Утро выдалось солнечное, безветренное. До приторности сладко пахло скошенной травой.
Метрах в трехстах от железнодорожного полотна тянулся лес, царапали синее небо острые верхушки темных елей. От разъезда к нему вилась пыльная дорога и пропадала в кустах ольхи. На молоденькой березе у высокого откоса безмятежно, взахлеб, чирикала какая-то птица.
Ничто не выдавало присутствия в лесу людей. И тут Ливанов увидел, как над кустами взвилась желтая пыль и на дороге появилось сразу несколько подвод.

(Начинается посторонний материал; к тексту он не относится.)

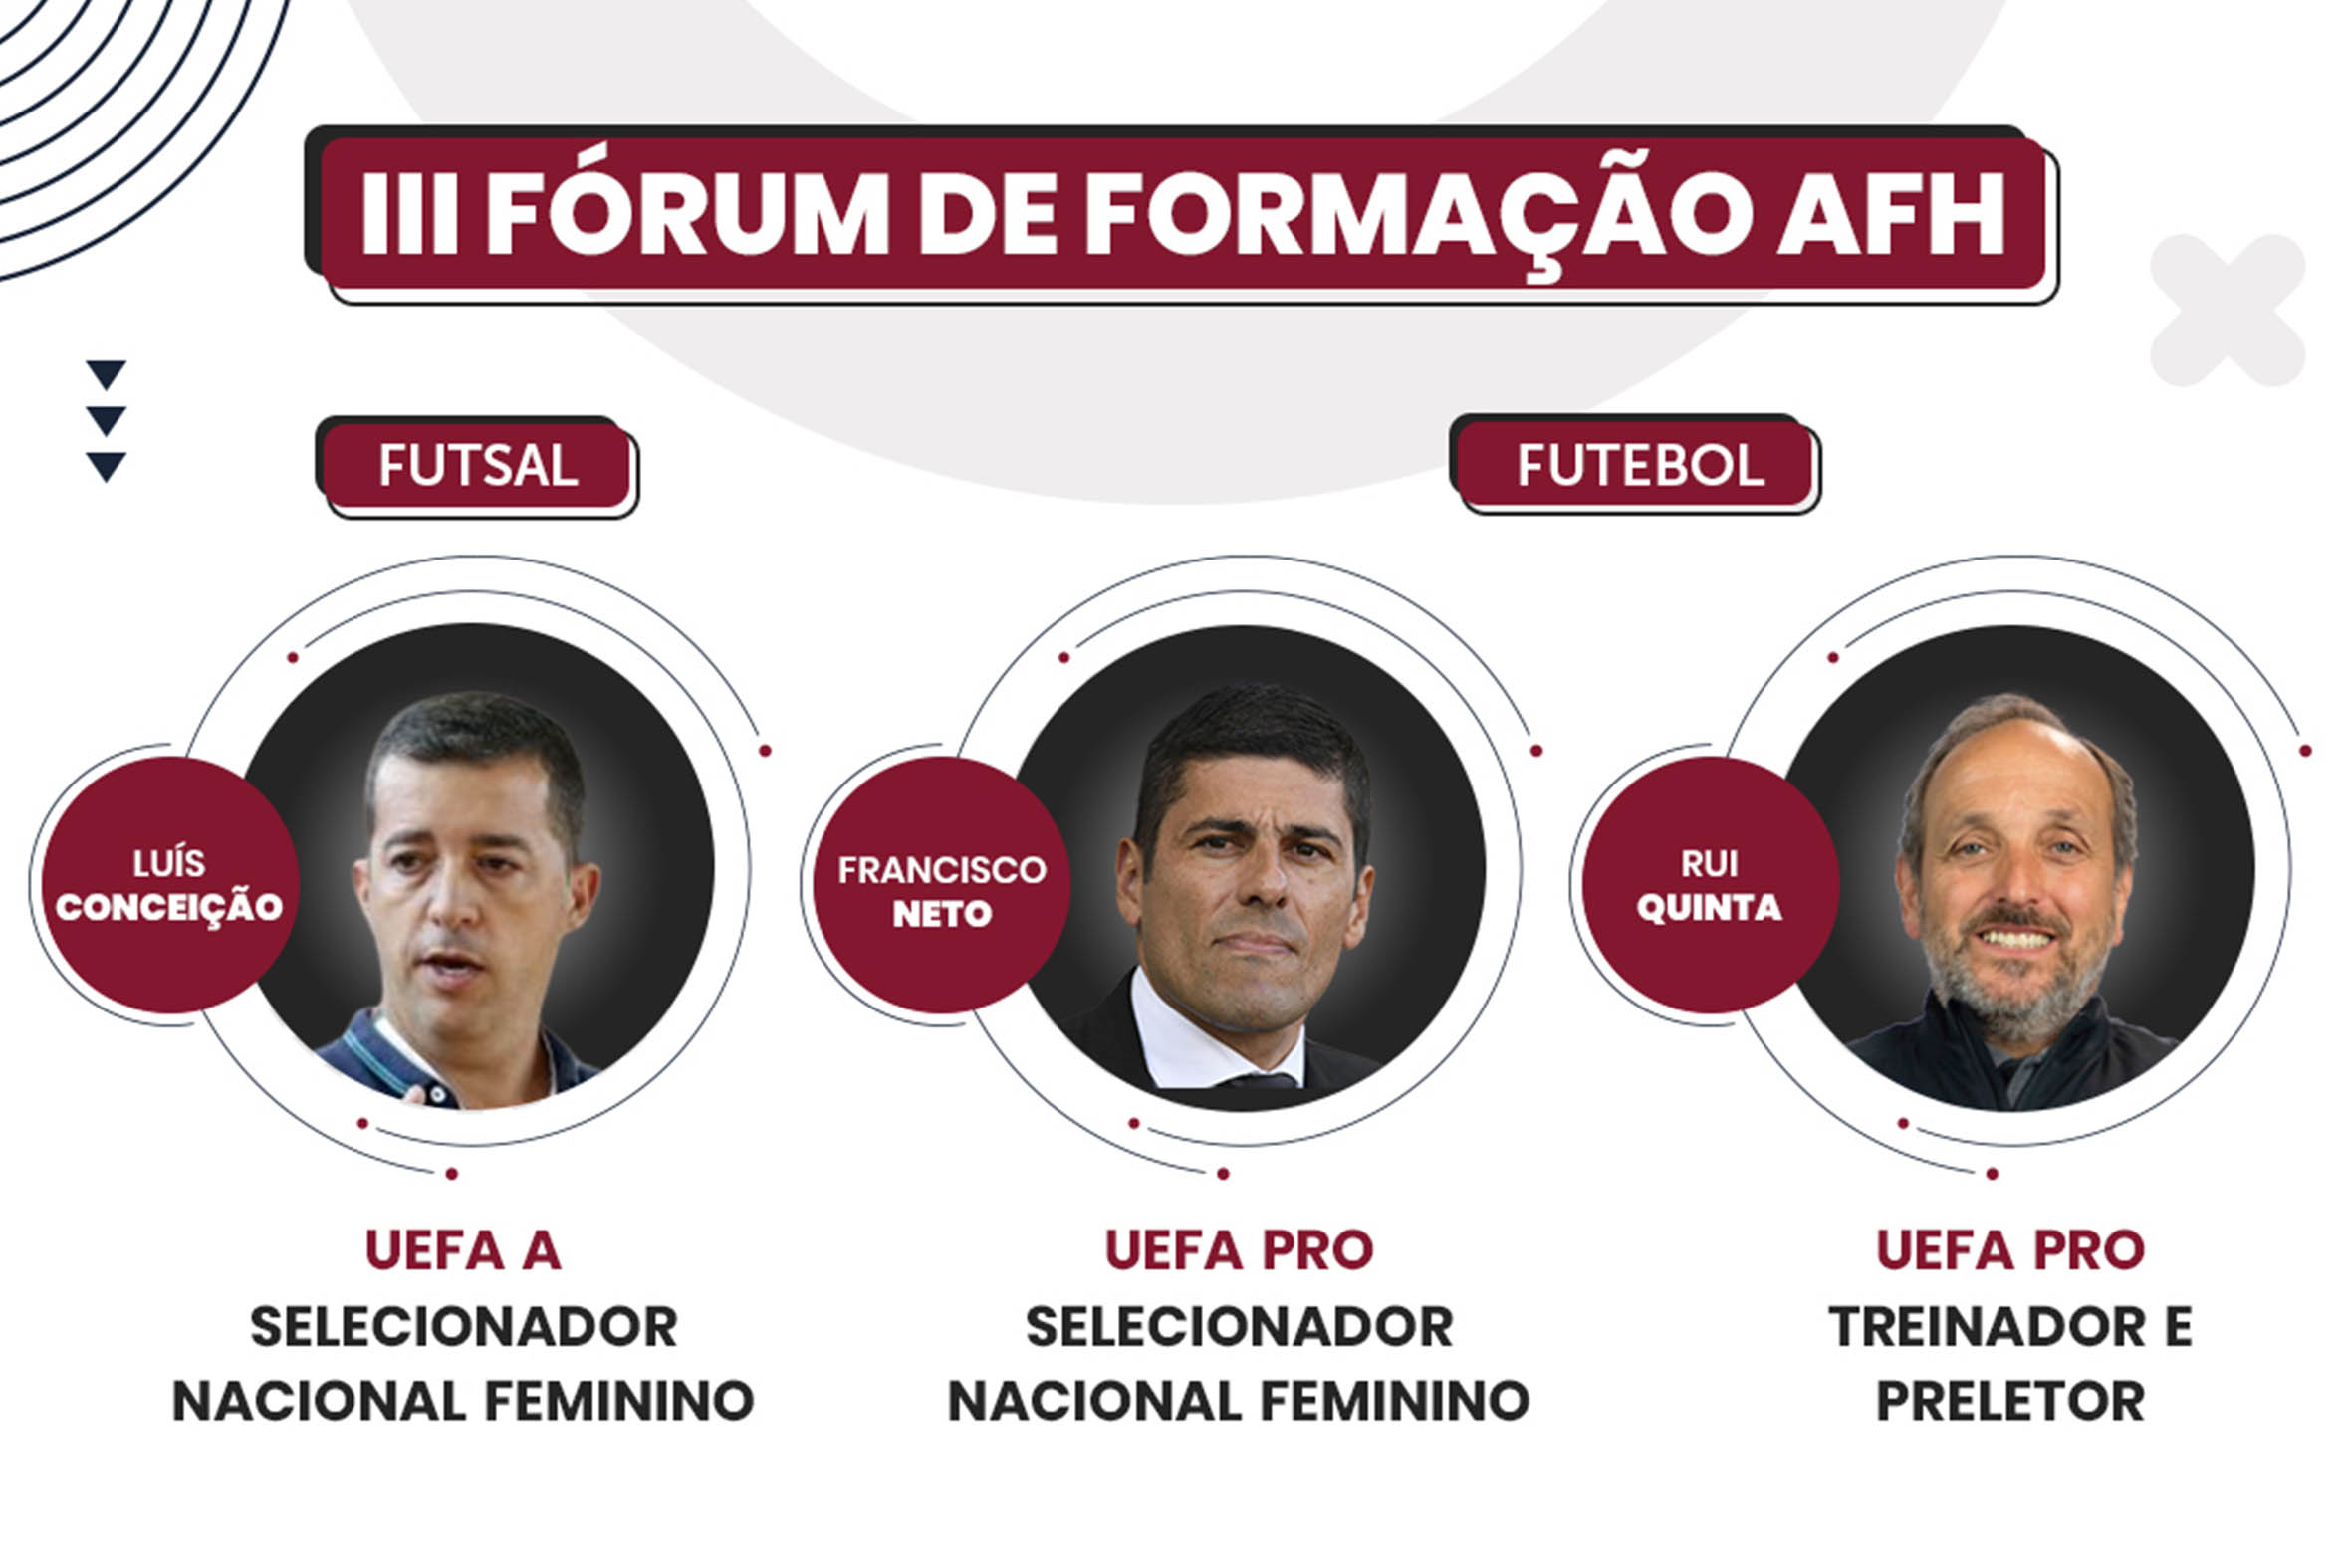 III Fórum de Formação AFH - Formação Contínua de Futebol e Futsal

На них сидели люди с винтовками; те, кому не хватило места, шли толпой.
Ливанову показалось, что на одной из подвод он увидел Иванцова — на солнце вроде бы блеснули полковничьи, шитые золотом погоны.
Волнение и радость перехватили горло Ливанову — разработанная им операция по захвату эшелона закончилась успешно. Иванцов должен по достоинству оценить эту необычную операцию, которая стоит выигранного сражения, — теперь можно со всей мощью, артиллерией, ударить по большевикам, и участь города будет решена. То, что не удалось Перхурову, сделает он, полковник Ливанов.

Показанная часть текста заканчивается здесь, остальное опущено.